Recent data have shown that memory-like CD8⁺ T cells are retained in the skin and thymus of nonimmunized mice via a CXCR3-dependent mechanism (70). We found that T_NR3⁺ cells were virtually excluded from mucosal sites, including the skin, but were relatively abundant in PB and LNs. It also seems likely that T_NR3⁻ and T_NR3⁺ cells recirculate continuously between these latter two compartments, because neither subset expressed the tissue-residency markers CD69 and CD103. In line with these findings, another study reported that CXCR3-dependent signaling was undetectable in naive and memory CD8⁺ T cells directly ex vivo, but increased with stimulation via the TCR (71). Moreover, the CXCR3 ligands CXCL9, CXCL10, and CXCL11 are poorly expressed at steady-state and only become upregulated in the context of inflammation (72, 73). The functional and migratory advantages of T_NR3⁺ cells relative to T_NR3⁻ cells may therefore be confined to the setting of immune activation, as described previously for murine CXCR3⁺ T_CM cells, which localize rapidly to peripheral areas of the relevant LNs in response to challenge with previously encountered Ags (73).

TRECs were modestly diluted in T_NR3⁺ cells compared with T_NR3⁻ cells, indicating a slightly higher rate of homeostatic turnover in vivo, akin to that observed previously for CD5^hi T_N cells compared with CD5^lo T_N cells in lymphopenic mice (23). Homeostatic proliferation may even drive the acquisition of CXCR3 (74). In this scenario, T_NR3⁺ cells would arise as a natural consequence of enhanced tonic signaling via qualitatively distinct TCRs with a predilection for self-derived Ags. Alternatively, T_NR3⁺ cells may be preprogrammed during thymic development to respond more vigorously to homeostatic signals in the periphery. In line with this possibility, a recent study demonstrated that murine T_N cells generated early in life, which resembled T_NR3⁺ cells at the transcriptional level, were more prone to effector differentiation than murine T_N cells generated later in life (75).

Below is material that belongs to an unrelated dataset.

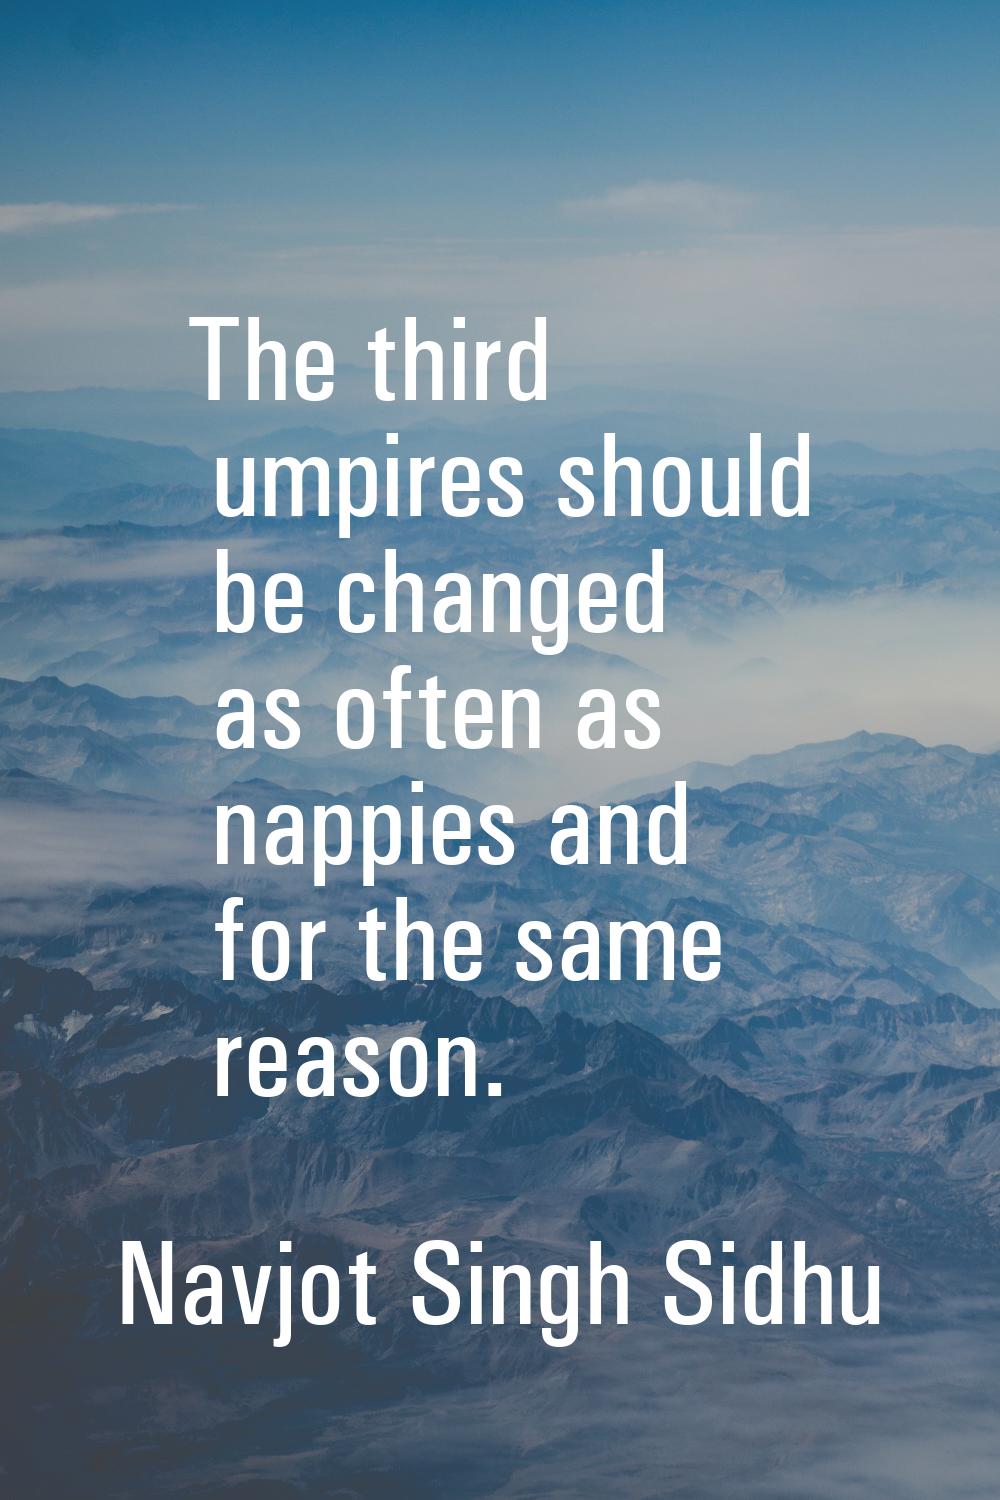 The third umpires should be changed as often as nappies and for the same reason.

In summary, we have shown that humans and mice harbor at least two distinct subsets of T_N cells, defined by the absence or presence of CXCR3. The greater effector differentiation potential of T_NR3⁺ cells bestows obvious kinetic advantages, enabling timely immune responses in the face of perceived threats to the host (22). The biological role of T_NR3⁻ cells is less clear. A parallel repertoire of qualitatively distinct TCRs may nonetheless be required to cover any potential “holes” in the spectrum of adaptive immune specificities, even at the cost of a selection disadvantage in the overall T_N cell pool (76). On this basis, we propose that the preimmune repertoire is organized into functionally and transcriptionally discrete subsets, which fulfill different roles in the immune system, collectively ensuring balanced and comprehensive effector responses to exogenous Ags.

Disclosures

In work at the Laboratory of Translational Immunology, E.L. receives reagents in kind as part of a collaborative research agreement with BD Biosciences (Italy). The other authors have no conflicts of interest to disclose.